I have taken your advice and told her I'm not listening to it today. It's helped that he has been more with it now he is off some of his drugs, but it does seem that she has been a bit more positive. Maybe by letting her moan I am sort of helping her perpetuate a downward spiral. I'll continue with the geeing up and closing down the negatives and see if I can raise her spirits a bit.

paxtecum Fri 09-Jan-15 05:09:08

You have great sympathy from me.
My Mum off loaded her frustrations about my DF everytime I saw her, which was at least twice a week. This continued after he died.
It drove me mad listening to her stories that got more embellished as time went on.
My siblings, who visited her occasionally would just tell her that they didn't want to hear it so she would talk about other things.

I suggested she went to counselling, but she only went once because she didn't 'everyone' knowing her business!

I wish I'd been brave and told her to stop it.

I hope she takes notice of you today. It will make you visits to them so much less stressful.

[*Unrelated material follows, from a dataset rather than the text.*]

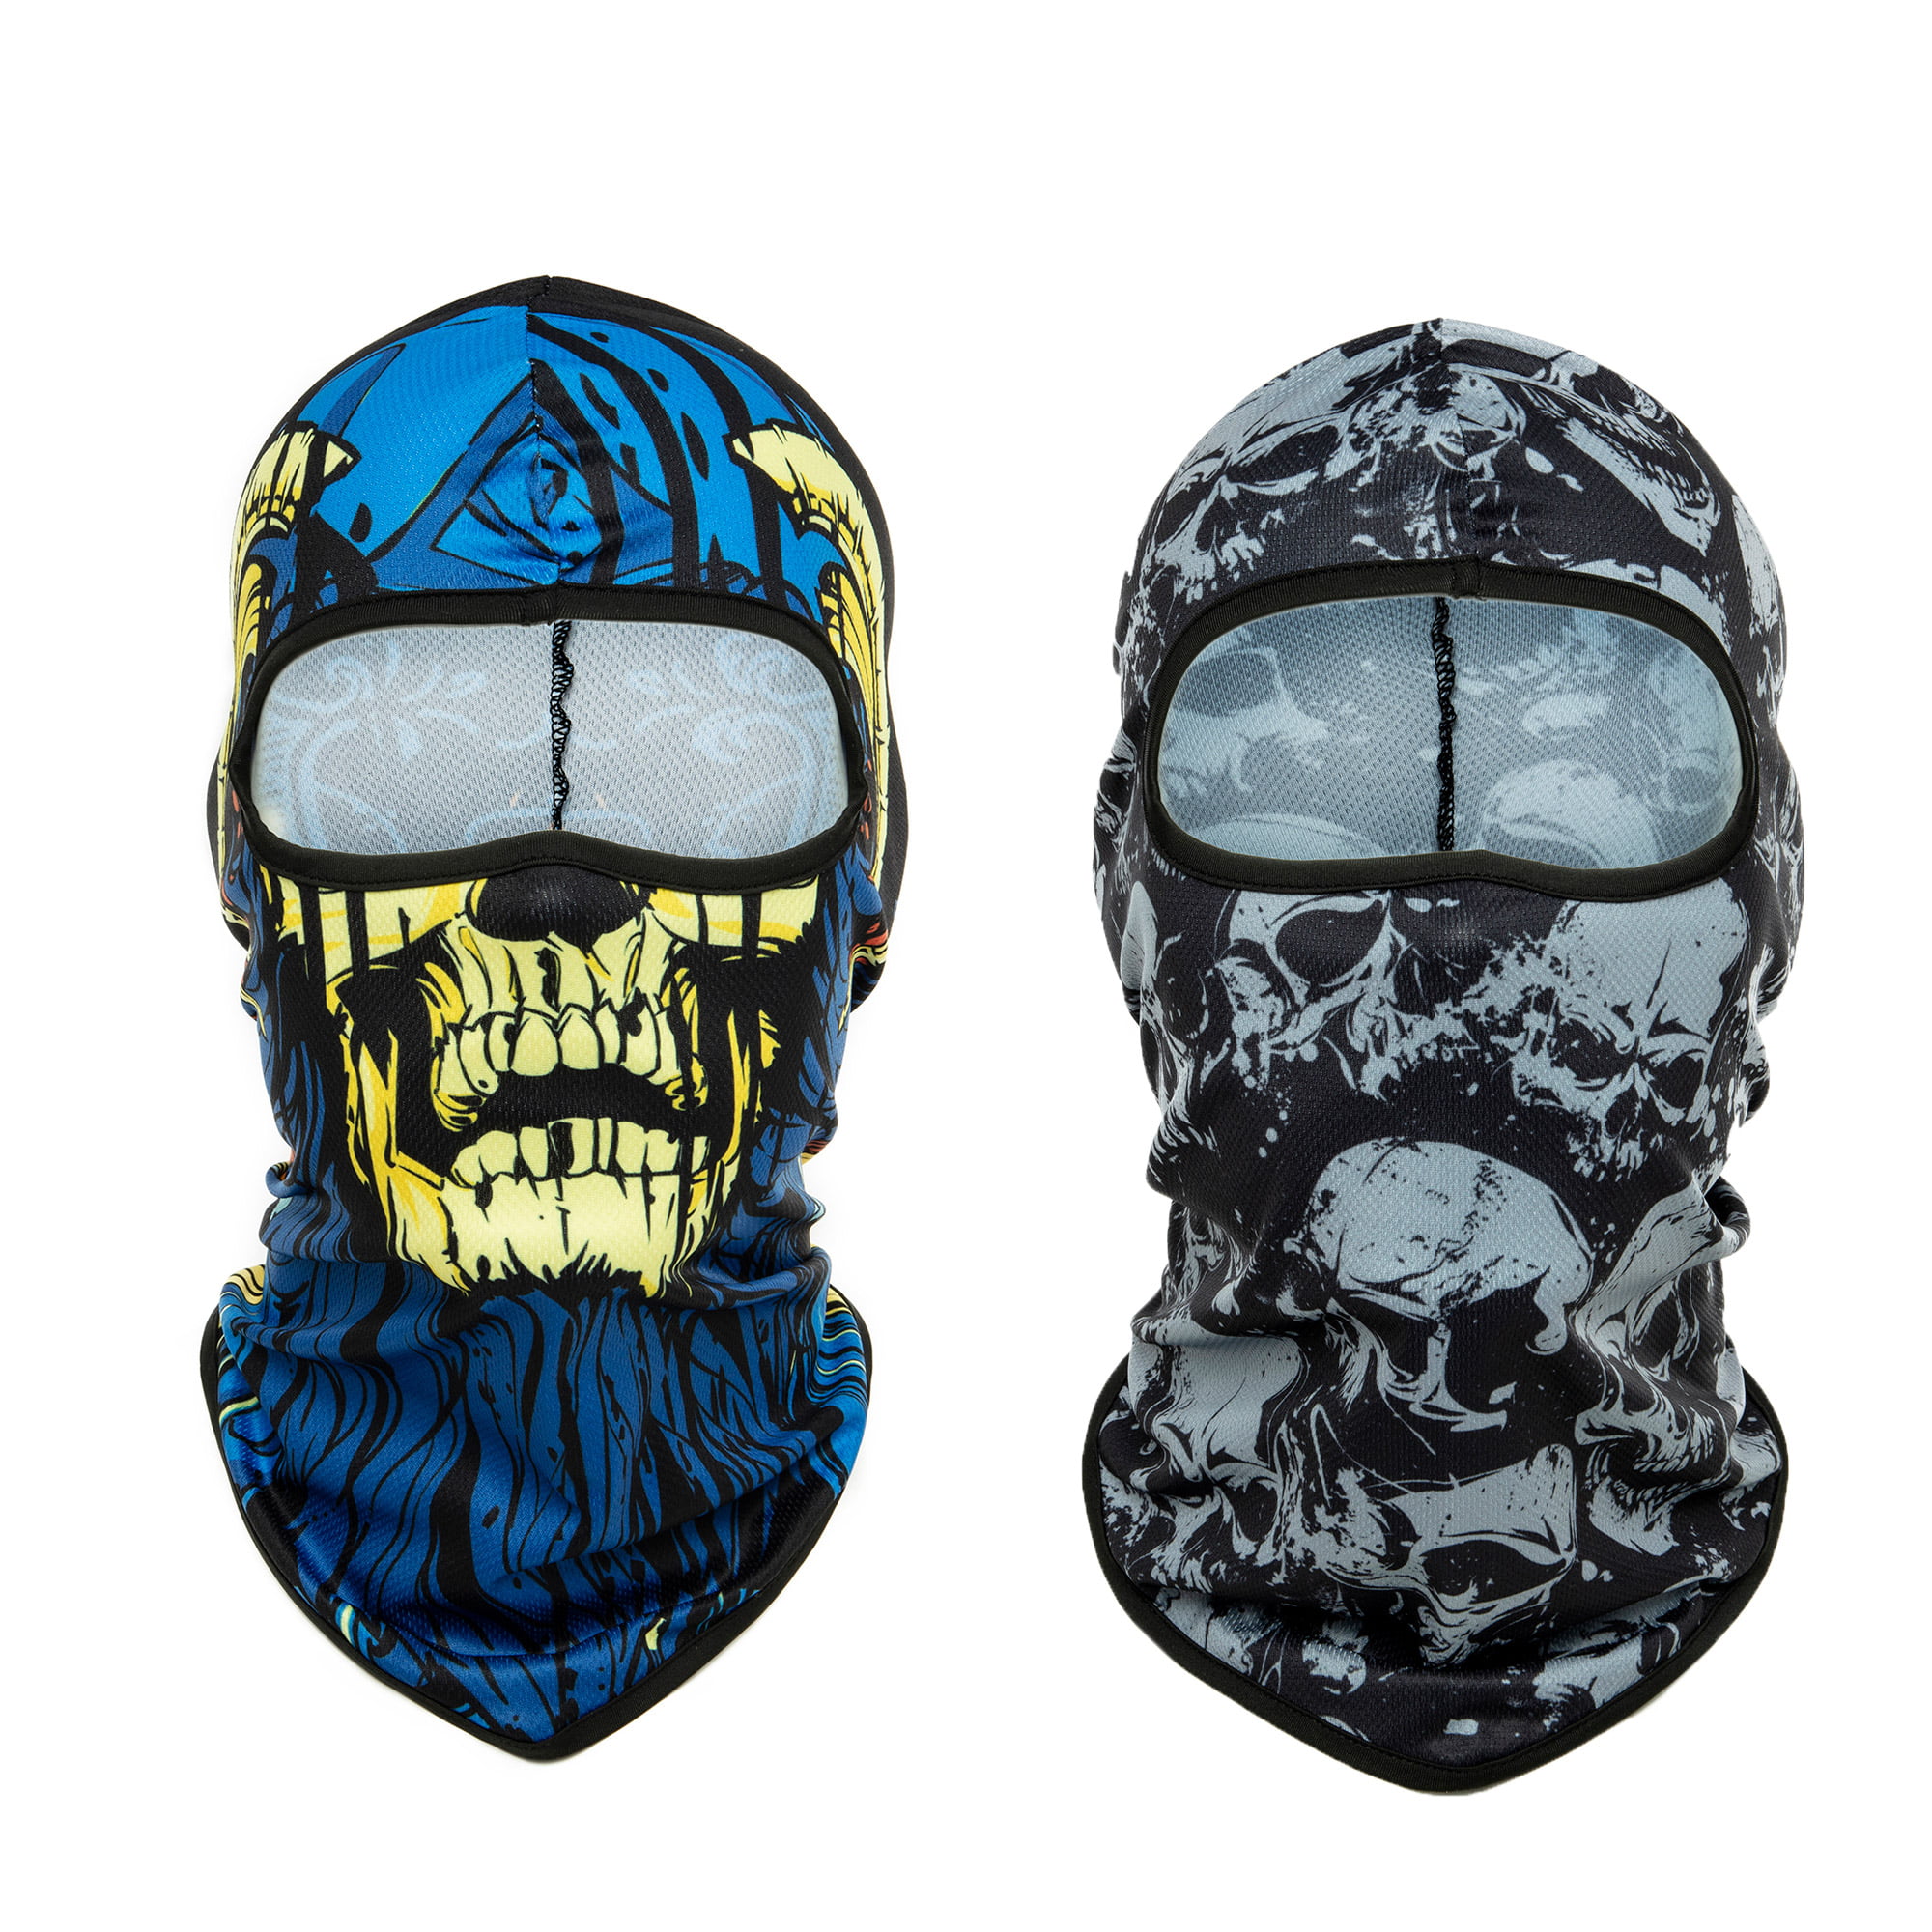 DODOING - Unisex Face Mask Breathable Face 3D Print Ski Balaclava ...

NoClueWhatToDo Fri 09-Jan-15 07:53:27

Thank you paxtecum fingers crossed she does

middleeasternpromise Sat 10-Jan-15 14:22:53

Sorry for delay NoClue in replying, sadly when my dad became ill my mother realised her life as she knew it was coming to an end, she couldn't cope and relied heavily on me. I had to upsticks for a few months and move in with her - sadly father died. She turned the resentment that she used to hold against him to life in general - its not fair; what's the point; cant be bothered. She neglected her own health and I had to bring her to live with me (trust me the decision was a hard one) I was going through a difficult divorce at the time it was all very difficult - the up shot was she died prematurely - it would have been romantic swan story but for what I knew - the sad fact was she never got to be happy because of her own demons; they both did not get the life they wanted because they couldn't take responsibility for making choices or not making them. I feel at peace with what I have had to do and determined to learn from their mistakes (they say you cant do that but I would rather learn from others than repeat the cycle) I wish you well with it.